Hi Stuart,Thanks for the response, this is all way above my pay grade - the Bailiff I was discussing it with mentioned the N325 and that if granted it would serve the address with an N54 granting authority to evict anyone on site, not just the Defendant.I was in the hope that this would then "turn the tables" so to speak and put the onus on the occupant to prove a tenancy or et out, rather than myself to disprove?Worth a shot? Or too risky? (unsure of how/if a counterclaim/costs could be made against me for enforcing the Order)

The former is the correct application for a Warrant for possession. There is no harm in making the application and if you get the order, let the bailiffs deal with it.
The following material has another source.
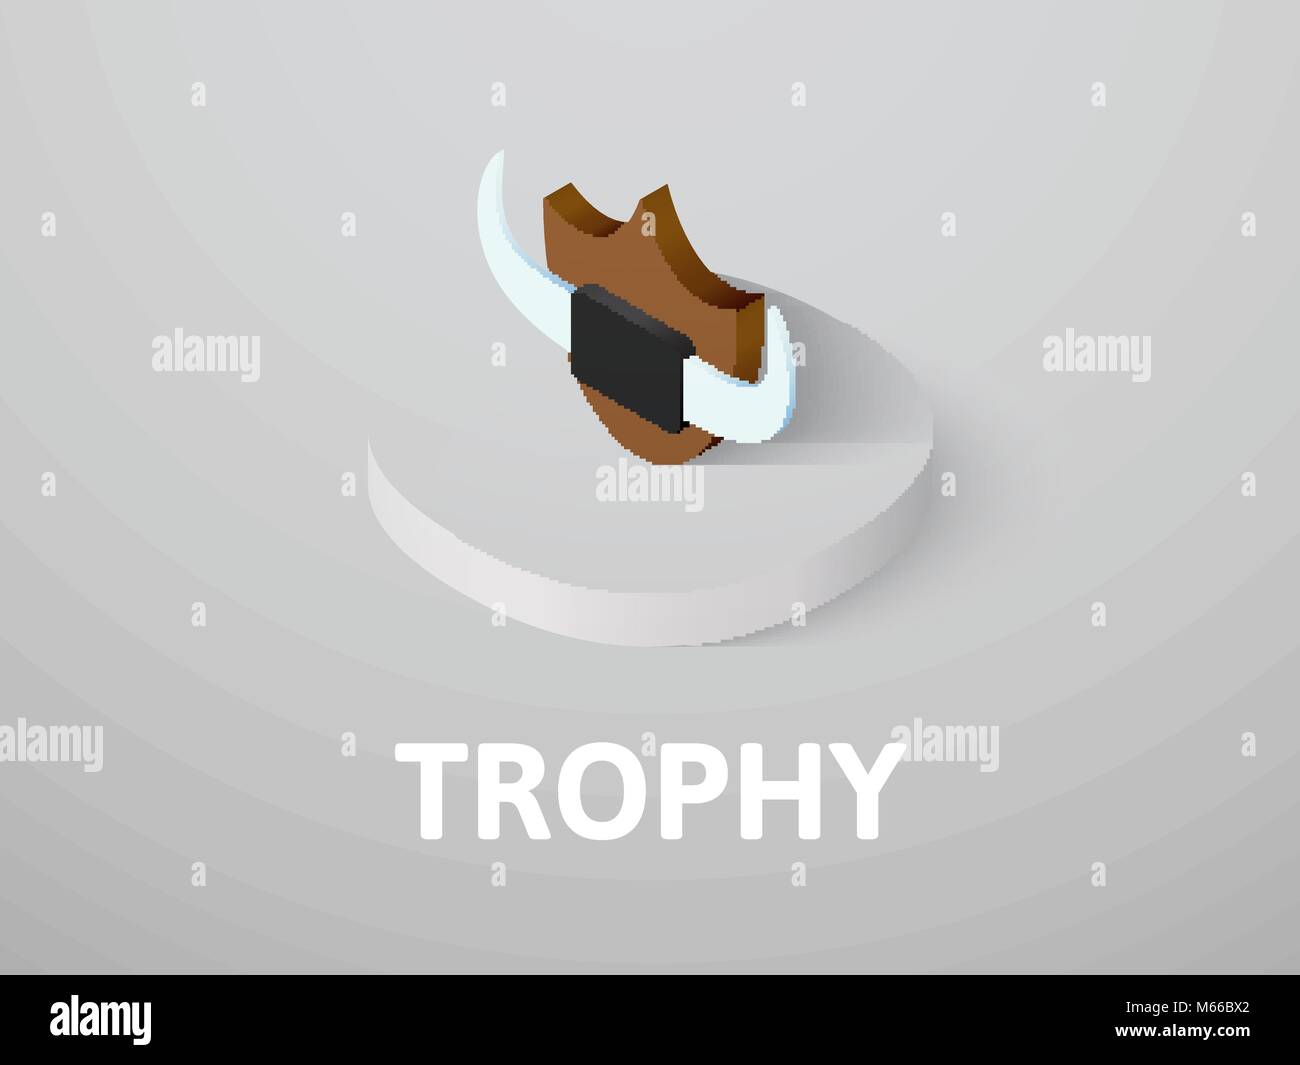 Trophy isometric icon, isolated on color background Stock Vector

If you get the order, it doesn’t matter whether she has a tenancy or not, what she’s going to have to do is make an emergency application to set the order aside on the basis that she has a tenancy otherwise when the notice expires the bailiffs are going to turn up and turf are out.

Definitely worth a shot. I can’t see any major risk although you don’t know what the tenants going to do.
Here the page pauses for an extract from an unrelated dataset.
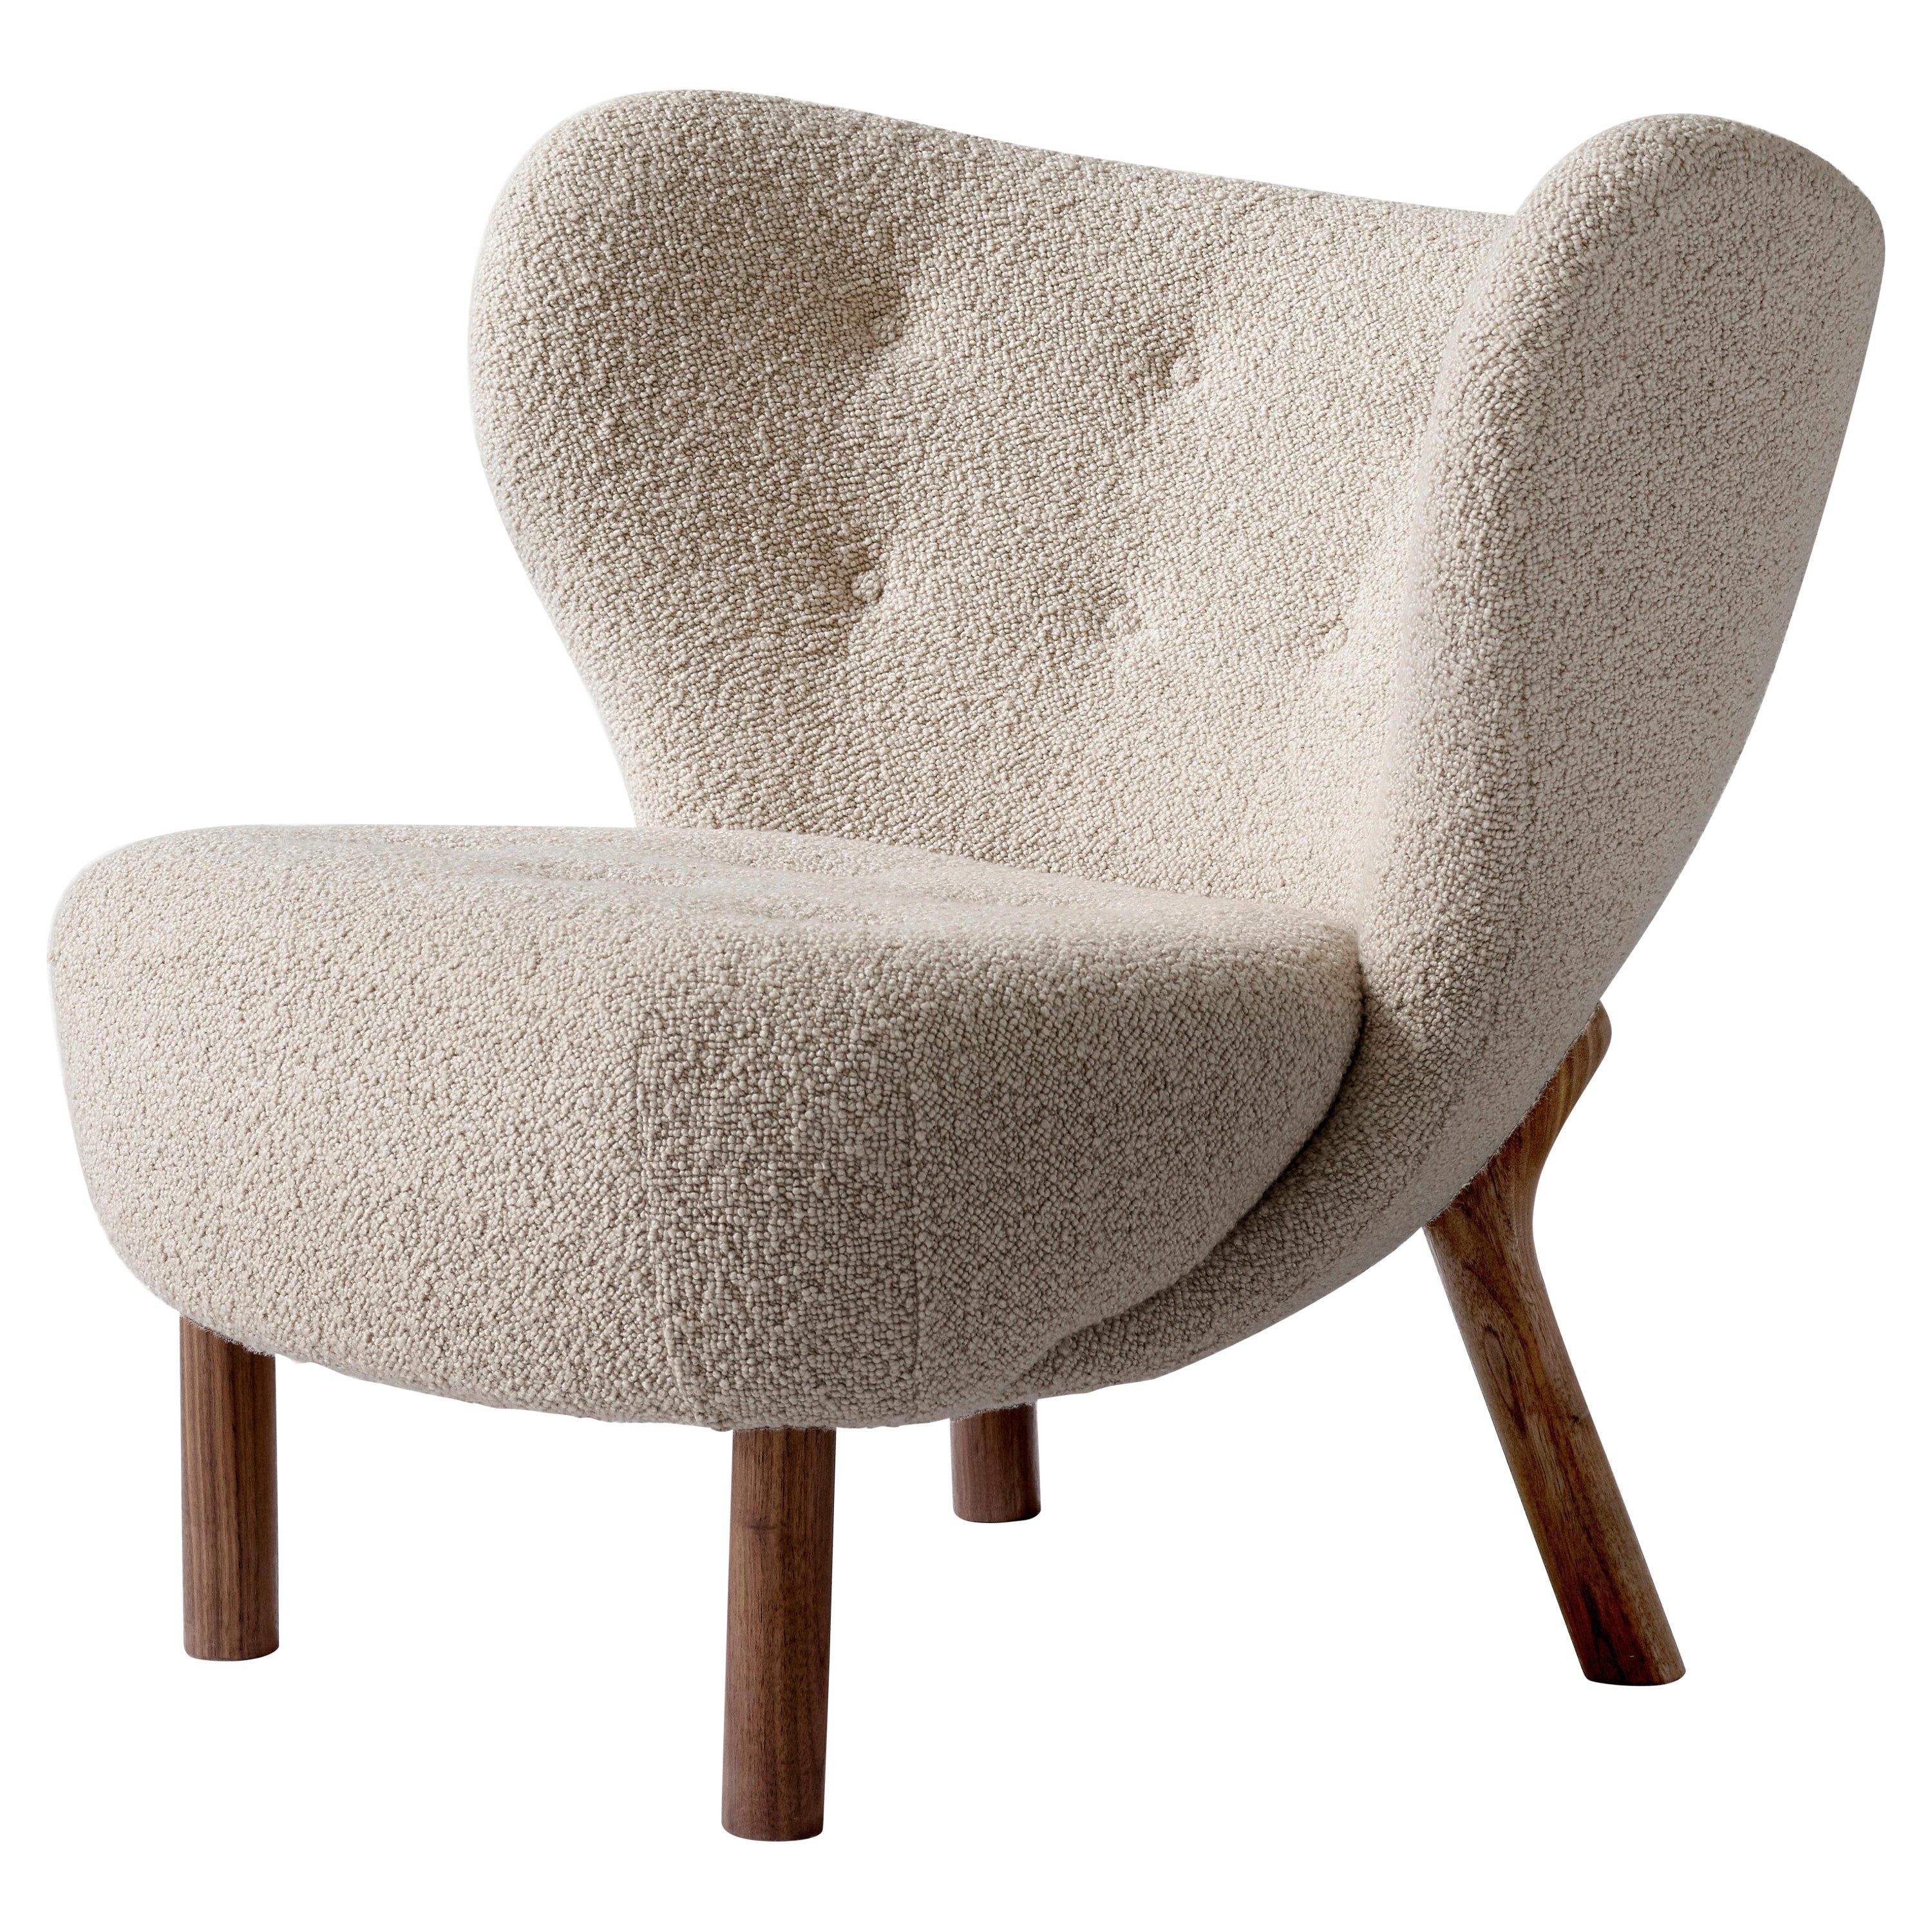 Little Petra VB1 Lounge Chair in Walnut & C.O.M 'Customer's Own Material' for &T | 1stDibs

If it was a “definite no” I would tell you. I think it’s worth a go.

Customer: replied 6 months ago.
Hi Stuart,Ok, great - one final question. The Order was given in Hull, yet the Property is in Bolton, are they going to be able to enforce this, or am I to transfer proceedings?I'm confused as CPR 83.26(2)(b)(i) says that I MUST make this application in the same place that the Order was made, but I'm aware the Bailiffs aren't going to want to drive 2 hours to perform their work...Do I simply put "I understand, pursuant to CPR 83.26(2)(b)(i) and (3), that Hull County Court is the correct venue for this application, but that it may later on an application by the debtor be transferred to another hearing centre. " and leave it to them to figure out what to do with it?

If it is a national firm of bailiffs, they will have people local wherever you are.

I would get the warrant and then worry about the geography.

Customer: replied 5 months ago.
Hi Stuart, the plot thickens - I have my enforcement hearing on the 17th however (a BIG however) I am currently caring for my daughter and my ex left her facebook logged in on my daughter's iPad, revealing a whole conversation between herself and the Occupant where they forge the tenancy and otherwise work to undermine the Order. Can this be entered into evidence????

I apologise for the delay in getting back to you. As the thread is over 4 days old, I know longer get notification that your waiting.

You shouldn’t access anyone else’s computer because it’s a breach of the Computer Misuse Act although I have never known anyone actually be questioned or prosecuted for it except high-profile people in the newspapers although I seem to remember that was a murder case where journalists were prosecuted.

I wouldn’t worry about the fact that it’s illegally obtained, I would just use it because the court will allow it nowadays and have done for some years provided no one was coerced or threatened which is obviously not the case.